There have been a few situations in the past where I’ve waited what would seem like “too late” to start something. There have been deadlines approaching that I’ve been aware of and rather than marching full speed towards them, I’ve waited. On the outside, it looks somewhat like procrastination. However, I’ve recently decided that it’s more like patience.
With practically everything I do in life, I need for it to feel right. Over 90% of the time I operate on my gut feeling. It’s how I opened my first business at 23. In a depression. It didn’t make any sense on paper, yet it felt right. My gut feeling is the same thing I used when getting married in 12 days, selling that first business, and opening another. To the outside world, none of those made much sense. However, my gut said go for it, and I did. I’ve used the same approach for many big and small decisions over the years and it’s working for me. That’s not to say that I have always made the right decisions…that’s a different post entirely.

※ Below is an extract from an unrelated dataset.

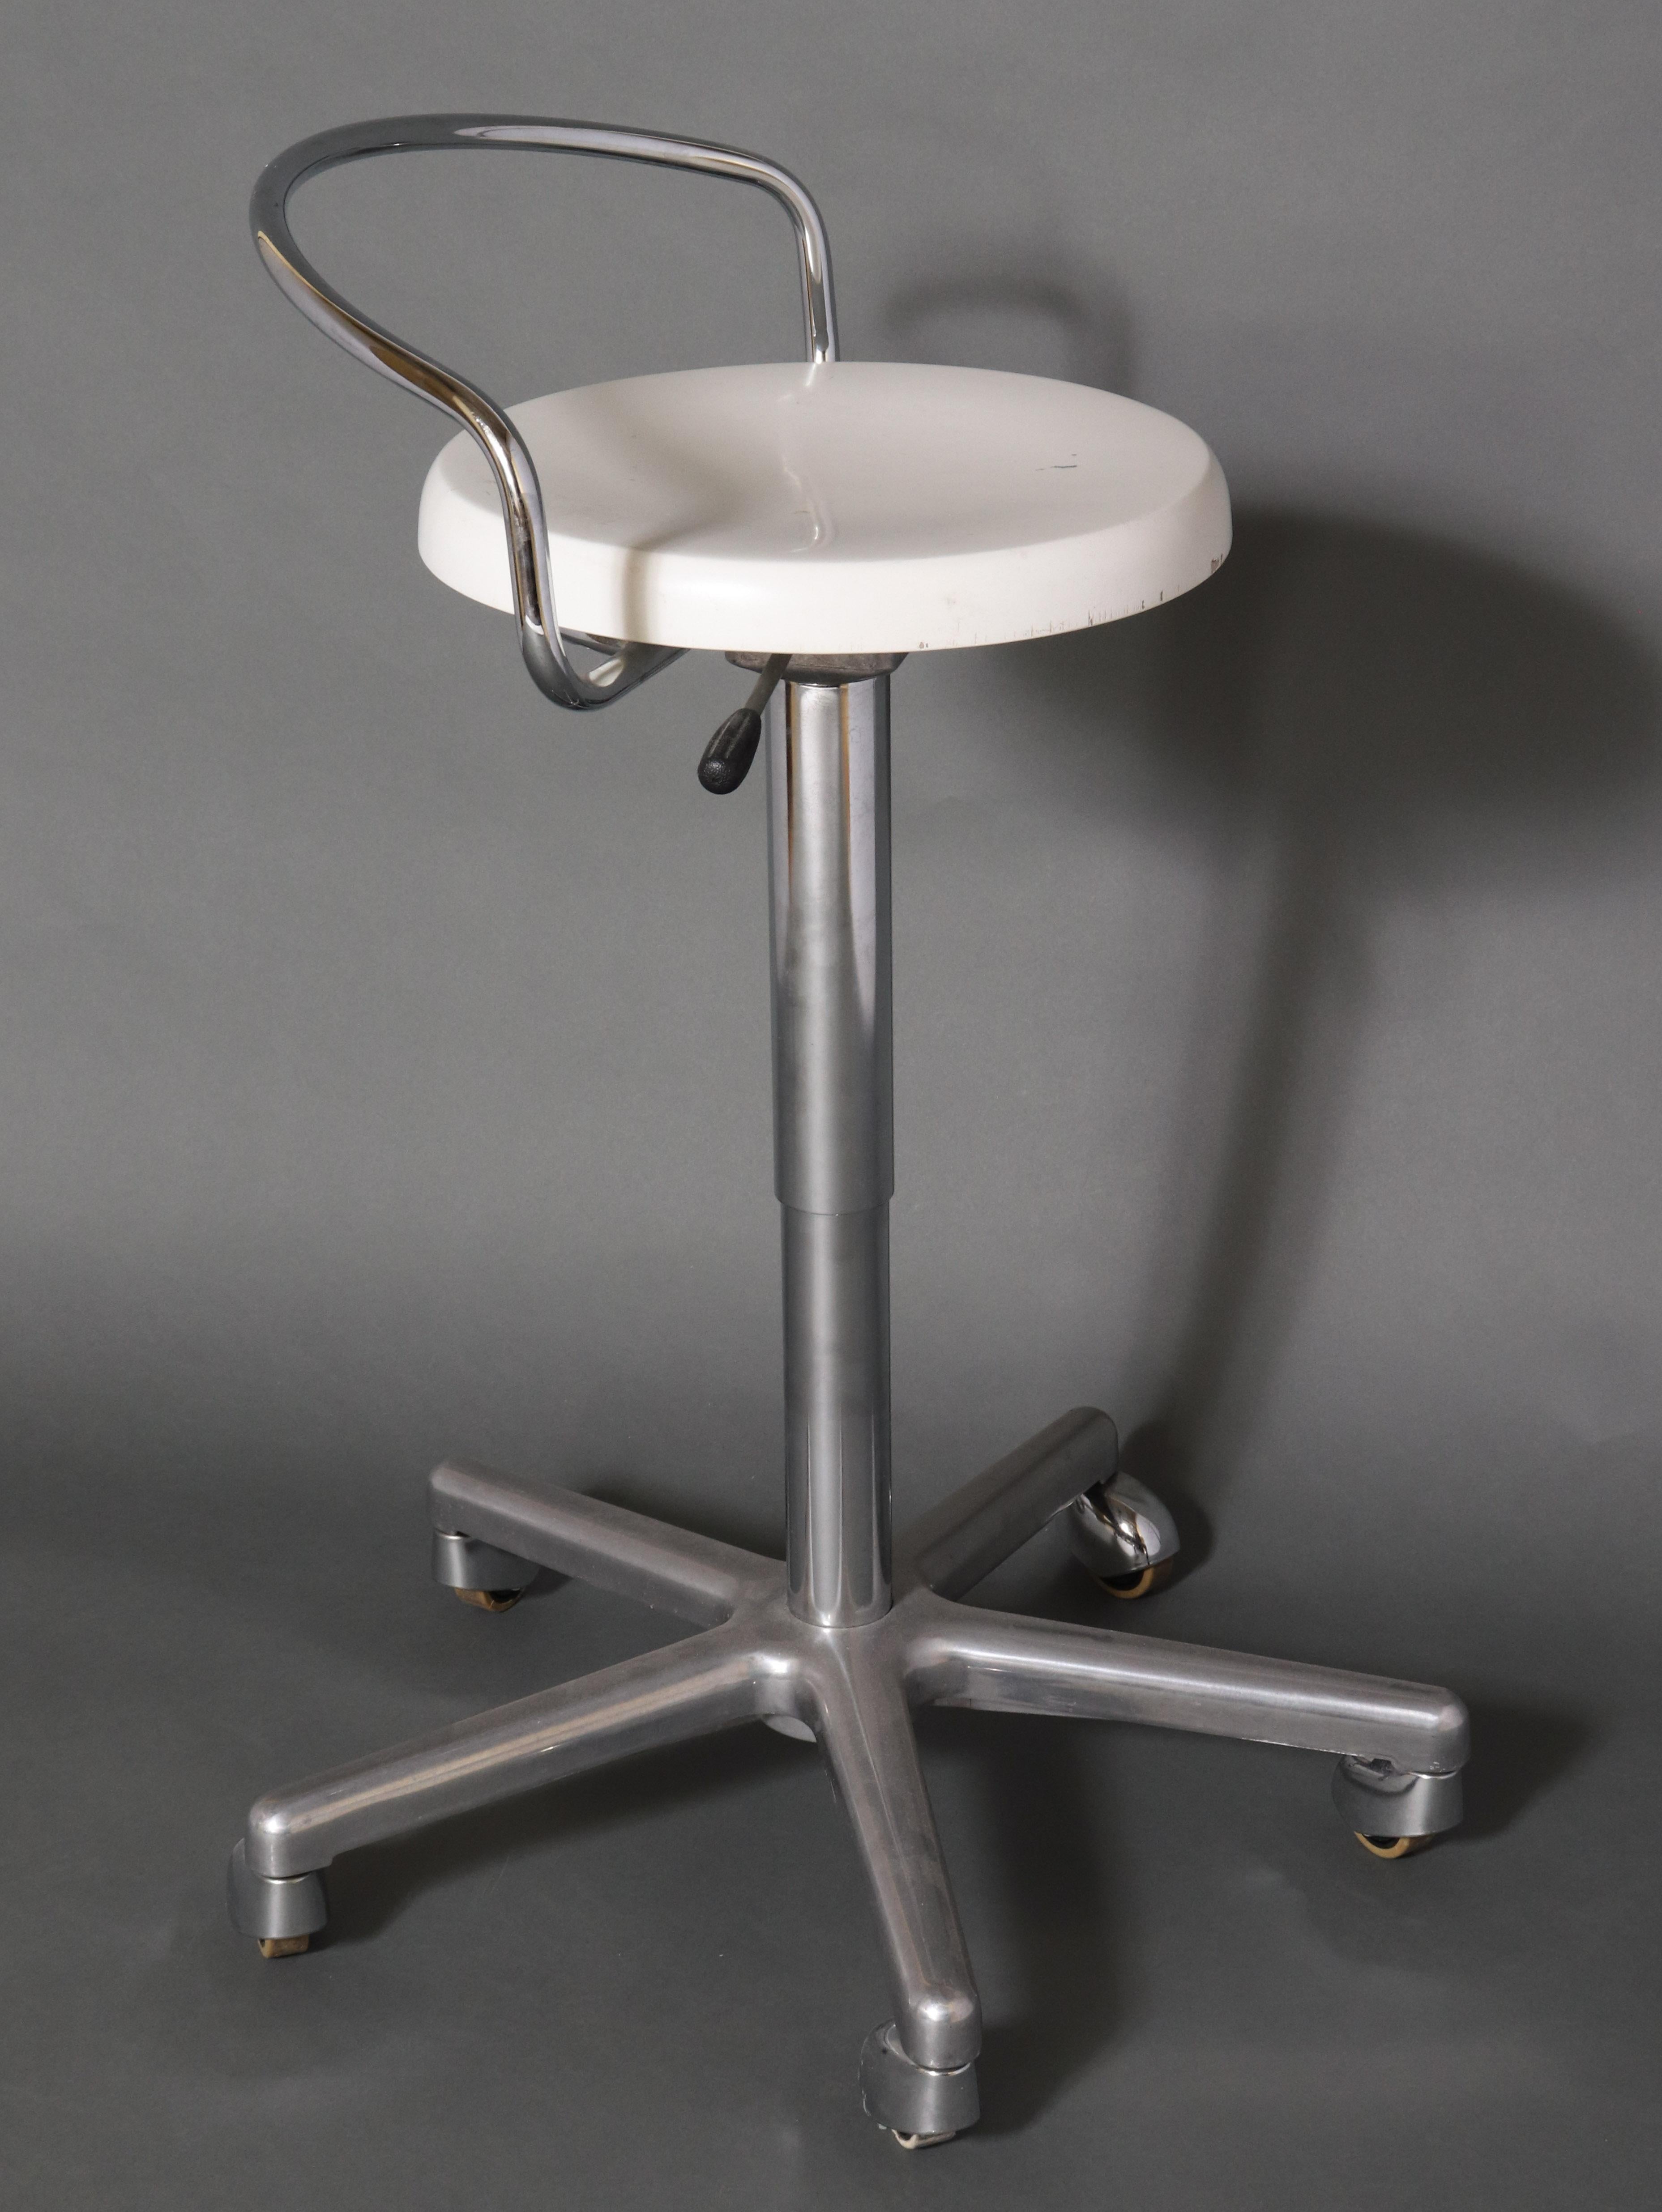 Modern metal swivel stool with adjustable height. The piece is on casters and has a low metal back bar with a white seat made of composite material. In great vintage condition with some age-appropriate wear and use.

At first, I myself thought it was procrastination, followed by a bit of luck when things worked out. It seemed like I’d put things off until the last minute and then somehow it would magically come together. I’d feel lucky or that I squeezed right by the doors of doom. Recently though, I started seeing this tendency of mine in a new light. I realized that things did usually come together, even if it happened on a different timeline than I originally deemed appropriate. I learned that I shouldn’t force things to happen, just to make progress early on. Instead, if I’d practice a bit of patience, things would likely still come together in the end. Rather than force myself to do something, I should just have a little bit of faith and wait until it felt right.
I have two recent examples for you. First, I’ve been toying around with the idea of a new business. If I were going to run with this idea as originally planned, I would need to travel out of town during the month of August. I was forcing myself to make a decision and get things in order, so that I would meet this self-imposed deadline. It just didn’t feel quite right though, so I hadn’t bought that plane ticket. It seemed like I needed to, yet something was holding me back. As I waited just a bit longer, things started coming together, although they’re shaping up a bit differently than I originally thought. I didn’t need to “get it together and make a decision” as I had been telling myself. I just needed to wait.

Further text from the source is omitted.